NextEra considers restarting Iowa nuclear plant amid rising demand for carbon-free energy 2024-07-24 22:16:00+00:00 - NextEra Energy is considering restarting a nuclear plant in Iowa as demand for carbon-free energy grows amid a historic surge in electricity consumption. The Duane Arnold Energy Center in Palo, Iowa ceased operations in 2020 after 45 years of service. NextEra CEO John Ketchum said Wednesday a thorough review of the risks is needed to see if restarting the reactor is feasible. "There would be opportunities and a lot of demand from the market if we were able to do something with Duane Arnold," Ketchum said on NextEra's second-quarter earnings call Wednesday. "We're looking at it," he said. "But we would only do it if we could do it in a way that is essentially risk free with plenty of mitigants around the approach.
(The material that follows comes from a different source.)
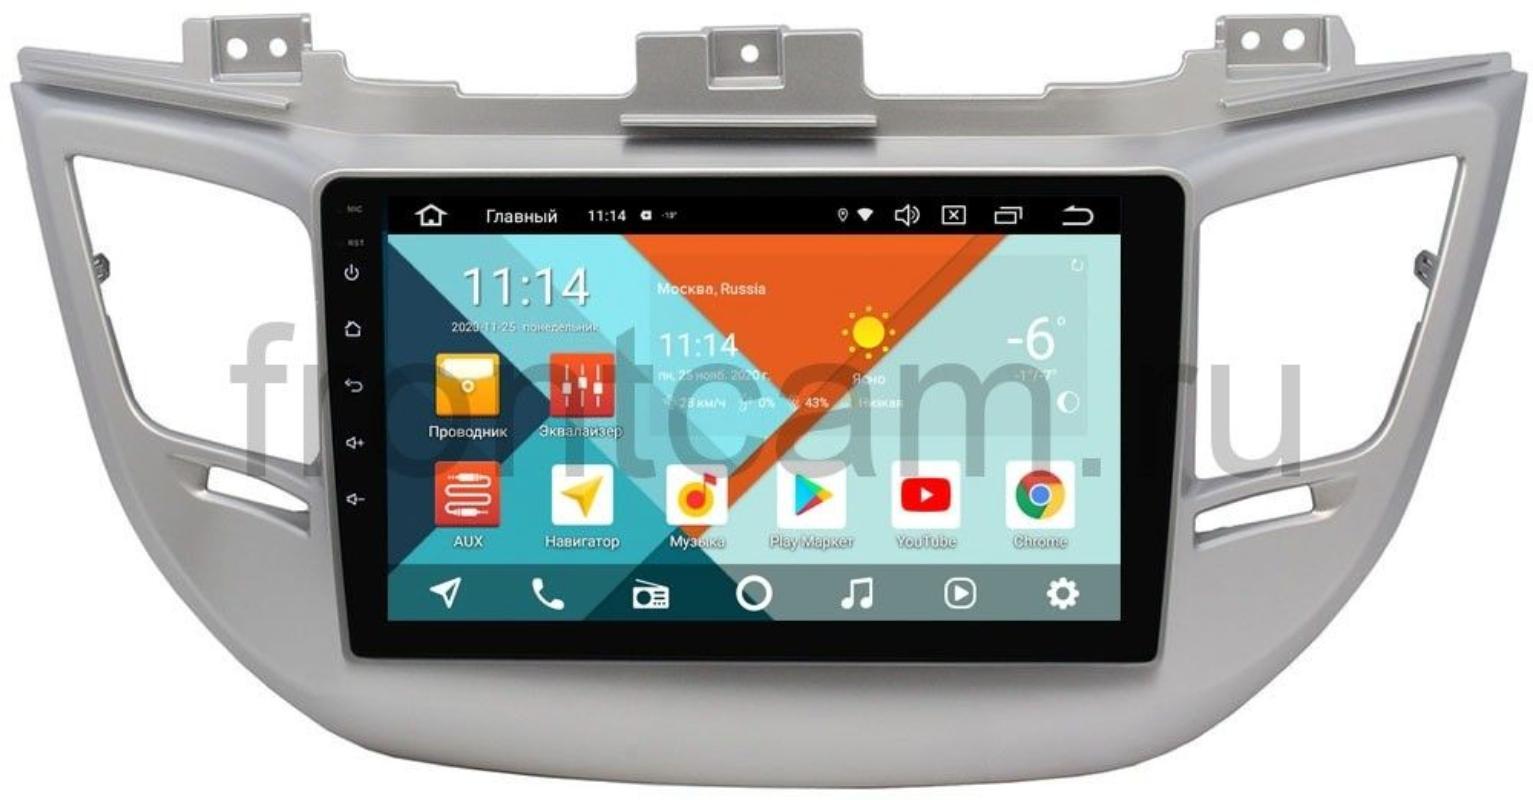 Штатная магнитола Wide Media KS9041QR-3/32 DSP CarPlay 4G-SIM для Hyundai Tucson III на Android 10 (для авто без камеры) (+ Камера заднего вида в подарок!)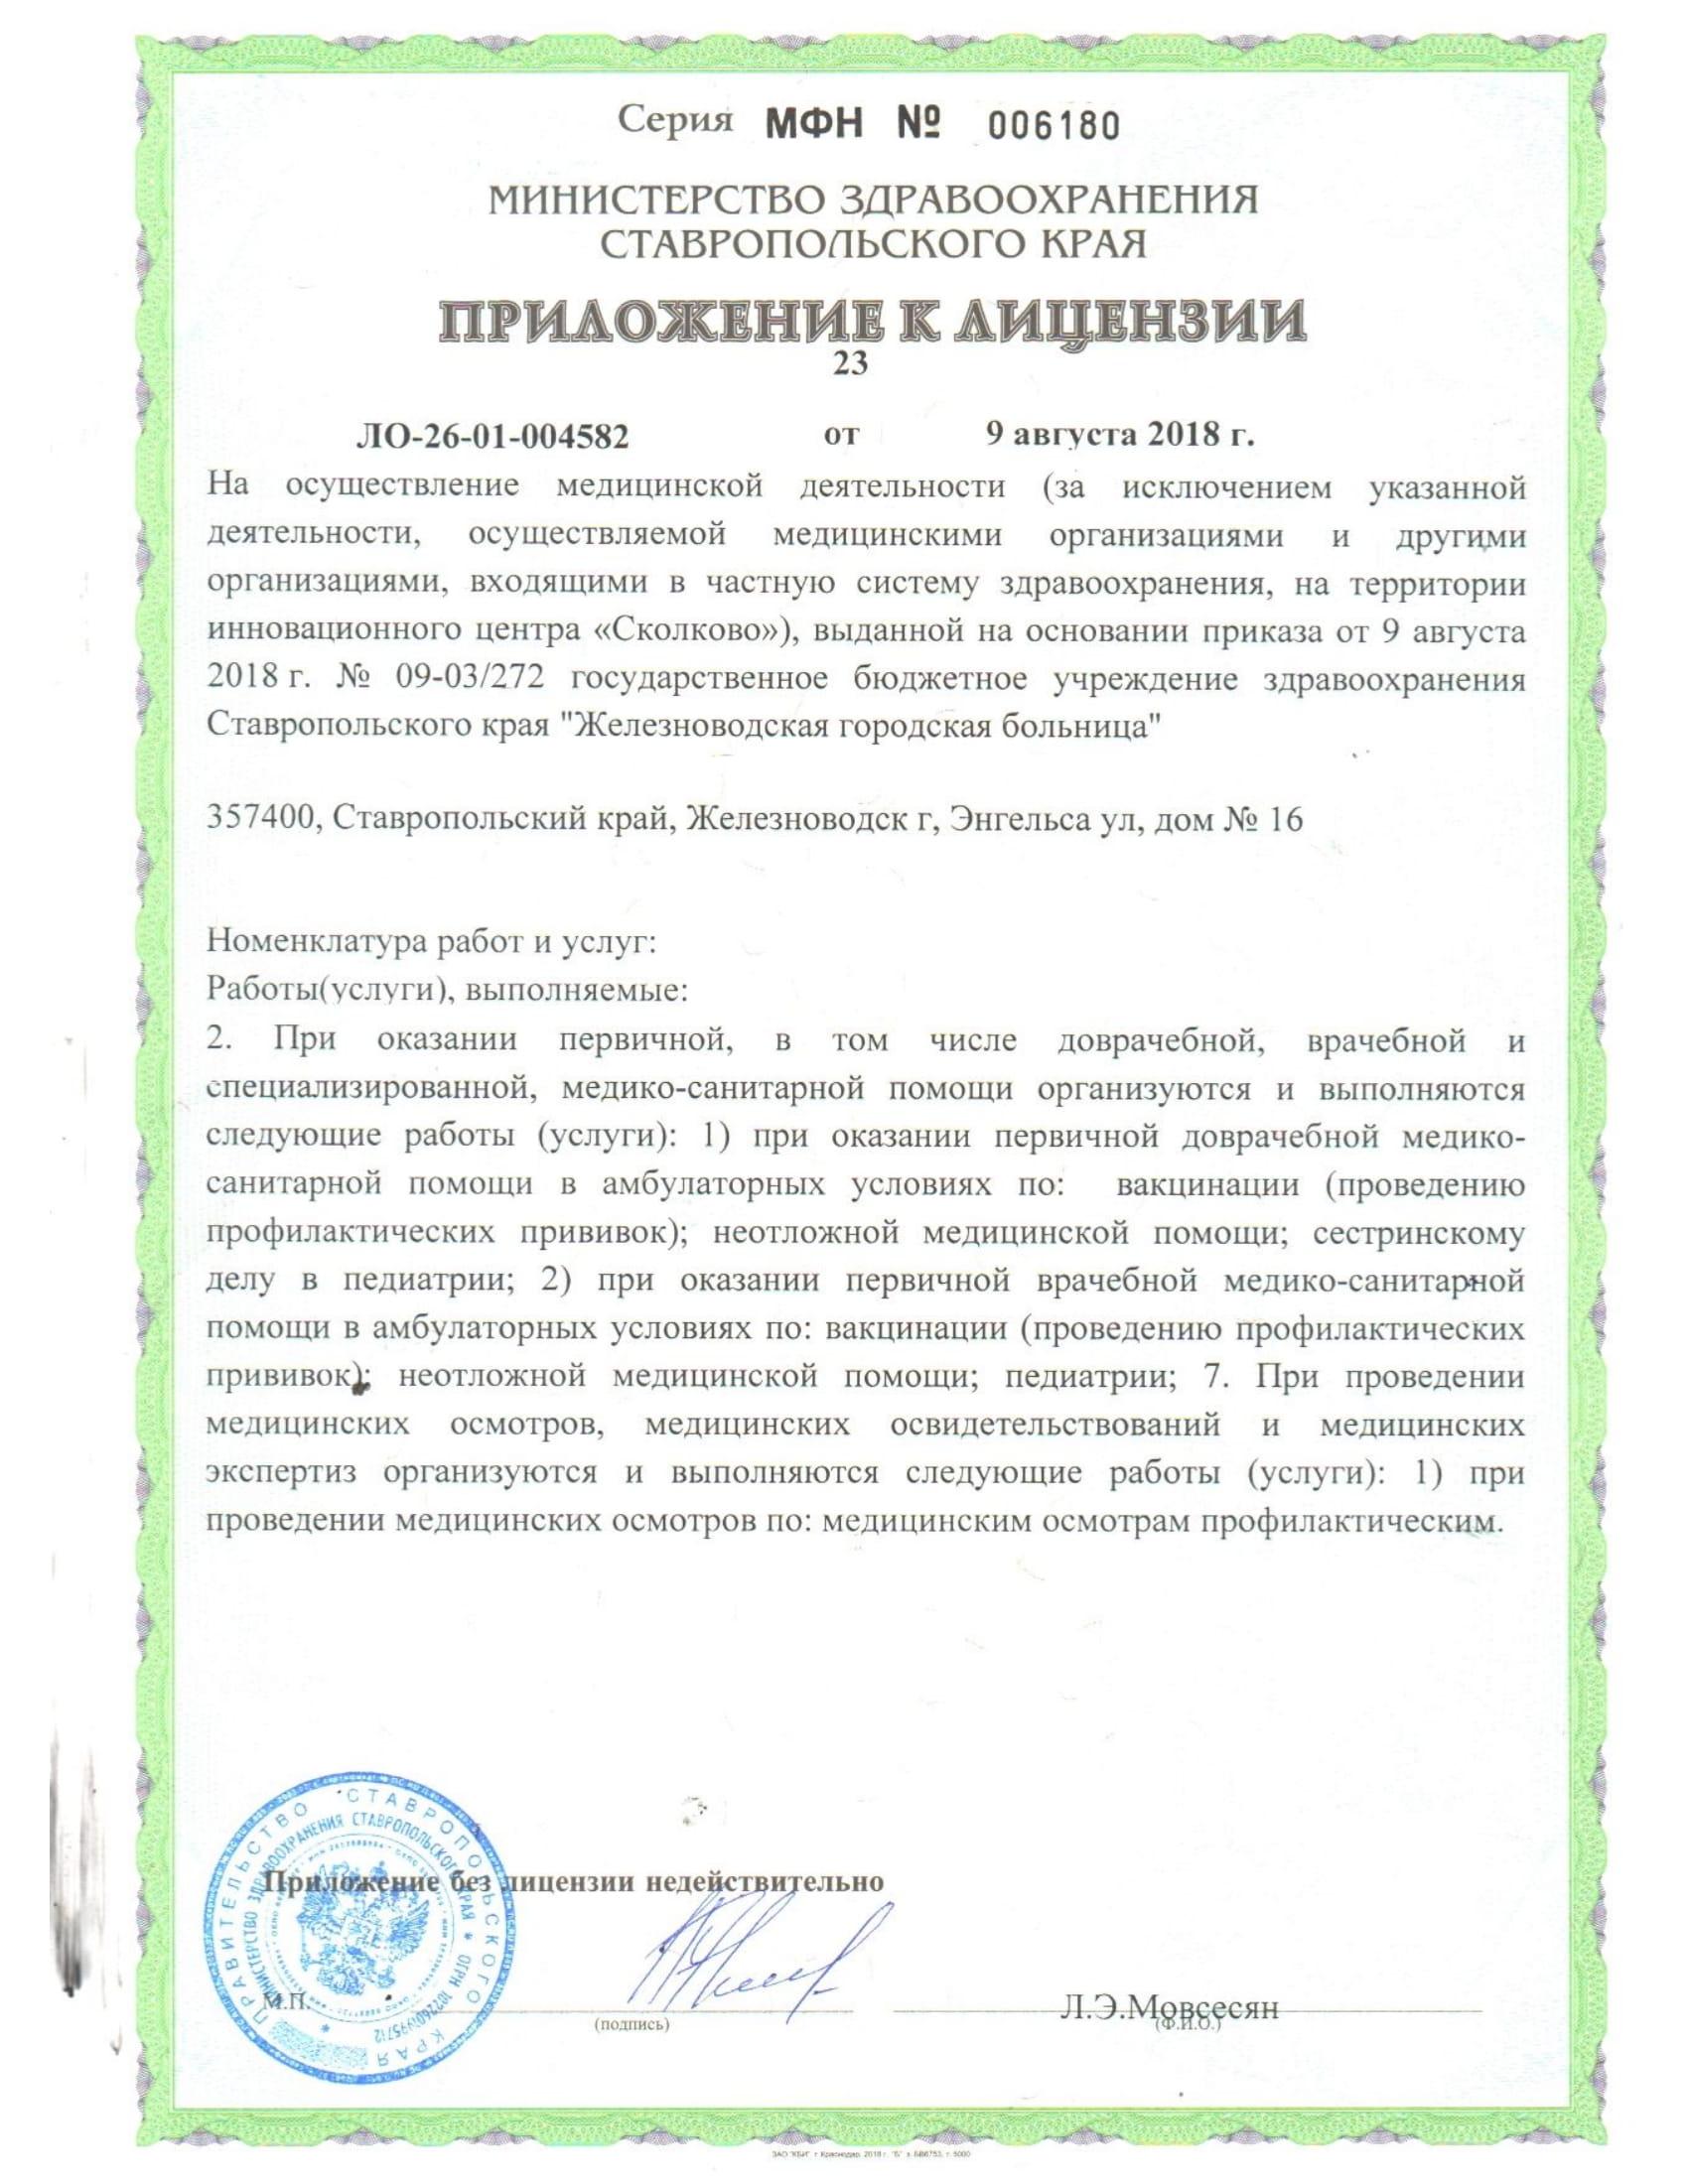 лицензия 2018 от 09.08.2018-30

There are few things we would have to work through." The Duane Arnold plant was scheduled for retirement in late 2020 after a key customer, Alliant Energy, sought cheaper energy alternatives. The plant ceased operations two months earlier than expected after a derecho, a powerful windstorm, damaged some portions of the plant including its cooling towers. Nuclear energy fell out of favor over the past decade as plants struggled to compete with cheaper energy sources such as natural gas and renewables. The 2011 Fukushima nuclear accident in Japan also raised safety concerns. A dozen nuclear reactors in the U.S. closed from 2013 through April 2021, according to the Congressional Research Service.